Would this be a sin?

Good afternoon.

I would like to watch espn on my tv, however I don’t have money to pay for cable… My brother on the other hand has directv in his household… I was thinking about watching espn through roku, however, in order to watch ESPN on Roku one must have a cable subscription. . Would it be a sin if I used my brother’s’ subscription information in order for me to watch espn on roku?

Thank you for your time

His account, his information, ask you brother to sign you up.

If you have his permission, no foul. My daughter has permission from me to use my HBO Go account since I very rarely use it except on vacations.:thumbsup:

Whether or not it’s a sin, I think if you do it you’ll feel uncomfortable about it.

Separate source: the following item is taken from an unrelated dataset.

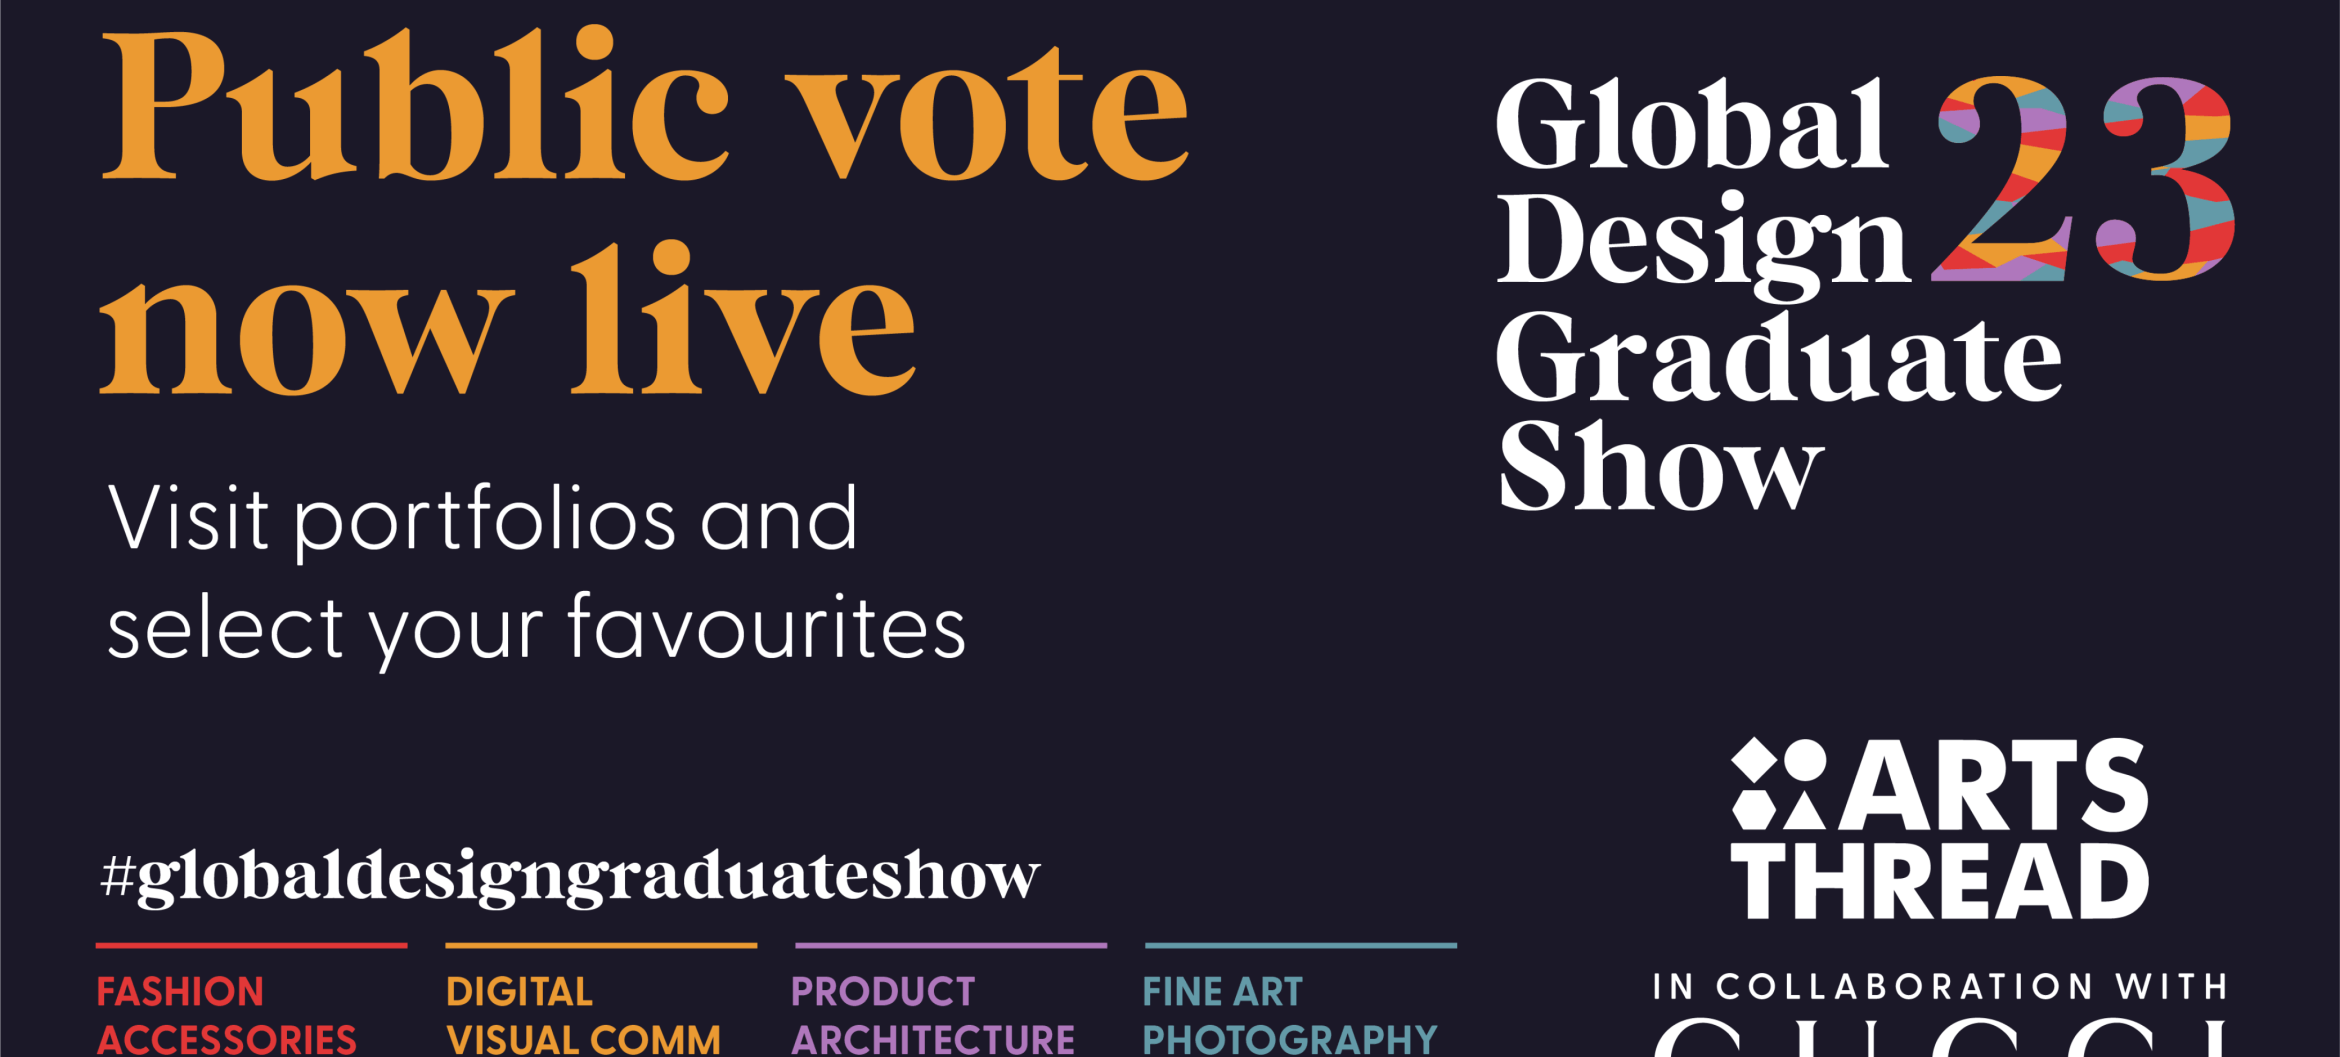 Vote for our students! Who will win the Global Design Graduate Show 2023?

Don;t just do it on your own, but as long as you ask him first and he gives you his permission, then it should be fine.

May God bless you all! :slight_smile:

Wouldn’t that depend on ESPN’s terms of service?

If one subscription is for only one person and the members of their household, yes, I would think that sharing that subscription information with those who do not meet those criteria would be to violate the copyright owner’s rights. A subscription is like a ticket to an event: each ticket is intended to be used in ways spelled out by the initial seller of the ticket, so long as they have a legitimate right to own whatever sort of content the ticket entitles a buyer to enjoy. One ticket usually can’t be used to get 19 people in the gate, and so it is with subscriptions. He who purchases has the right to view the content.

Would misuse of their terms of service in this way be sinful? I could see it being a venial sin, yes, although I’m not a moral theologian.

Willfully committing venial sin is something that should always be avoided.

Check ESPN’s terms of service. If they forbid what you are suggesting, then I would encourage you to not do it. If it’s not addressed, then find out some other way.

Exactly.

This is actually an interesting question.

Let’s say CatholicGuy25’s brother logs into his HBO account on Catholicguy25’s laptop, and invites him to watch.

After the movie, the brother leaves but doesn’t log out of the account. The next movie comes on. Would CatholicGuy25 be expected to avert his eyes so as not to view his own laptop? Would he be expected to logout of the account on his own laptop?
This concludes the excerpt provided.